Среди множества моих мыслей и воспоминаний об этом печальном событии позвольте мне сказать, что я видел его в дни невзгод, в некоторые моменты его глубочайших страданий и тяжелейших испытаний. Я также сопровождал его в часы наивысшего возвышения и благоденствия, неизменно восхищаясь его мудростью, умеренностью и стойкостью.

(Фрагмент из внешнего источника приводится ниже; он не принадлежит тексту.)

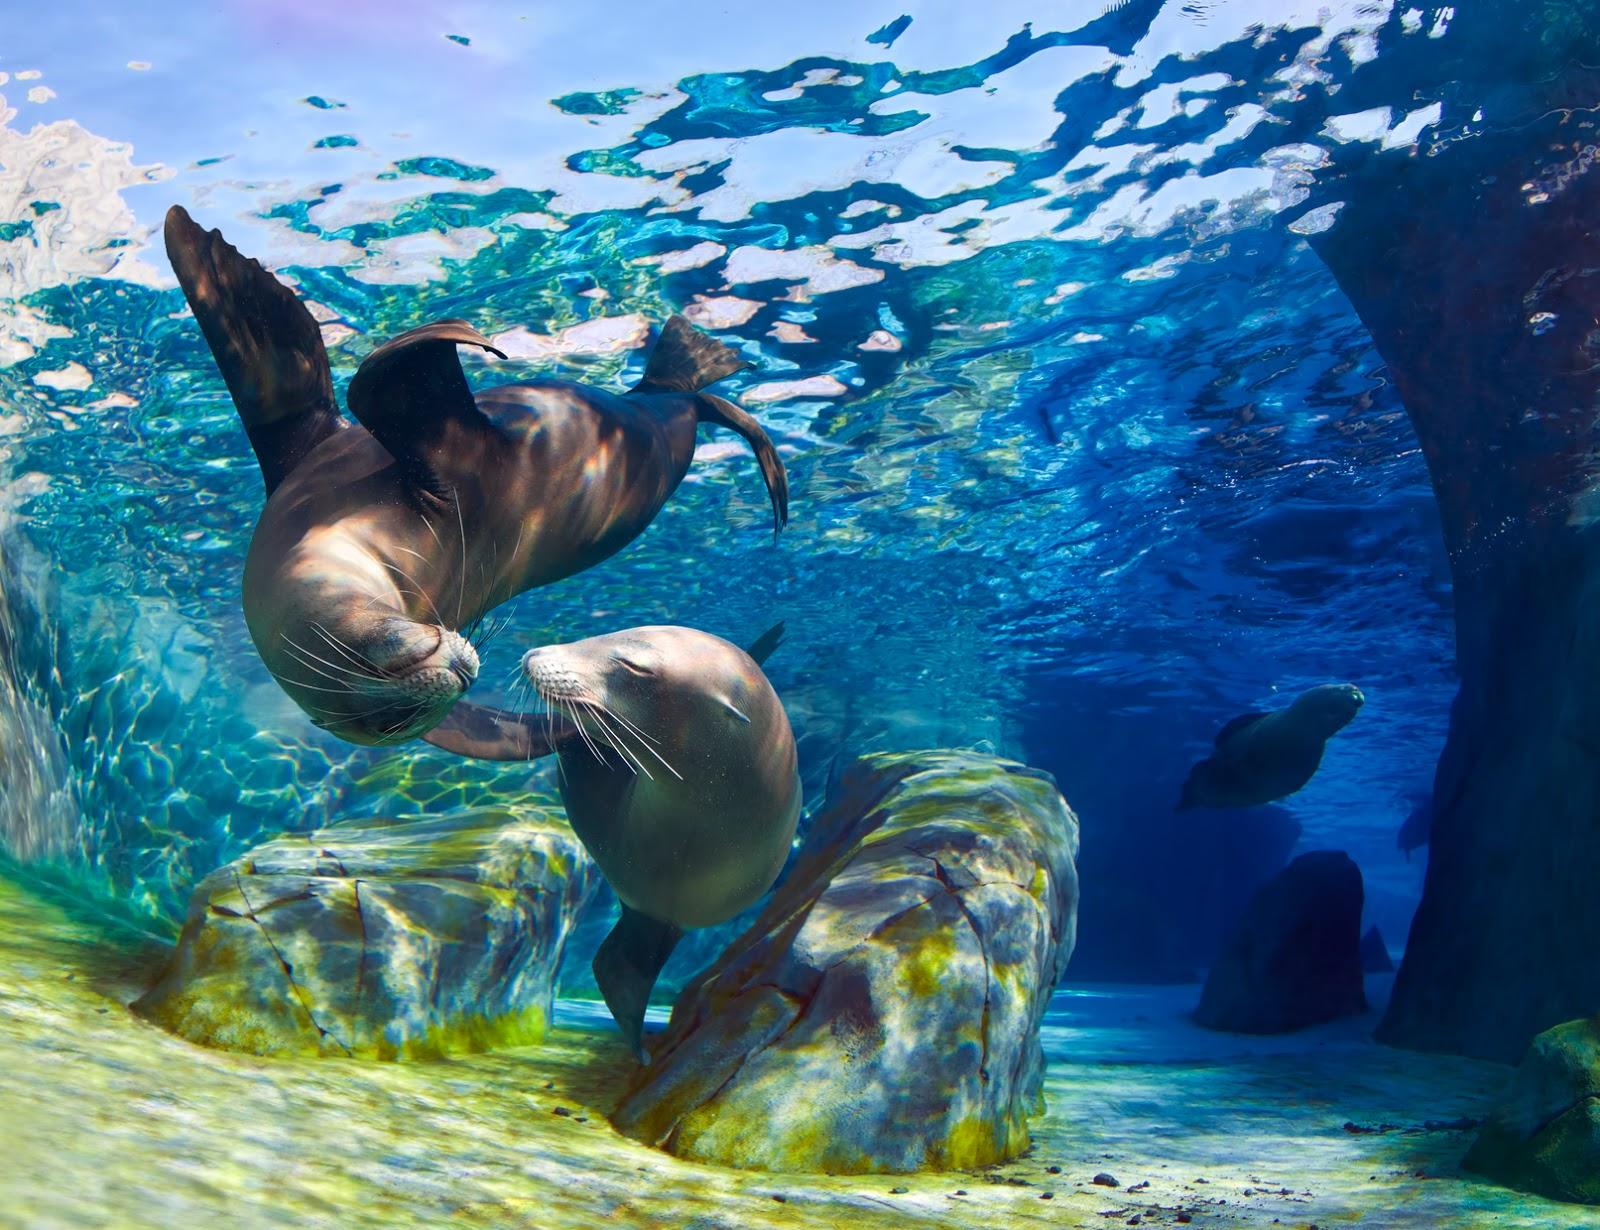 Vida en el mar on pinterest del mar angelfish and mars - Fotos fondo del mar ...

Среди всех наших первоначальных сподвижников по тому памятному союзу этого континента в 1774 году, который впервые выразил суверенную волю свободной нации в Америке, он оставался единственным в общенациональном правительстве. Хотя мое здоровье более слабое, чем у него, и я нахожусь в том возрасте, когда он счел необходимым готовиться к удалению от дел, я чувствую себя одиноким, лишившимся последнего брата; и все же я нахожу великое утешение в единодушном стремлении людей всех возрастов и сословий разделить со мной скорбь по поводу этой общей для всего мира беды.

Жизнь нашего Вашингтона не померкнет при сравнении с жизнью тех деятелей других стран, которые были наиболее прославлены и возвеличены славой. Атрибуты и убранства королевской власти могли лишь затмить величие тех добродетелей, которые превратили его из скромного гражданина в еще более яркое светило. Несчастья, если бы он дожил до них, могли бы в дальнейшем запятнать его славу лишь в глазах тех поверхностных умов, которые, полагая, что характер и поступки определяются исключительно успехом, редко заслуживают того, чтобы им наслаждаться. Злоба никогда не смогла бы омрачить его честь, а зависть сделала его единственным исключением из своего универсального правила. Что касается его самого, он прожил достаточно долго для жизни и для славы; что касается его сограждан, то, если бы их молитвы могли быть услышаны, он был бы бессмертен; что касается меня, его уход происходит в самый неподходящий момент. Полагаясь, однако, на мудрое и праведное правление Провидения над страстями людей и результатами их действий, а также над их жизнями, мне не остается ничего, кроме смиренного покорства.

Его пример теперь завершен, и он будет учить мудрости и добродетели магистратов, граждан и просто людей не только в нынешнюю эпоху, но и в будущие поколения, доколе будет читаться наша история».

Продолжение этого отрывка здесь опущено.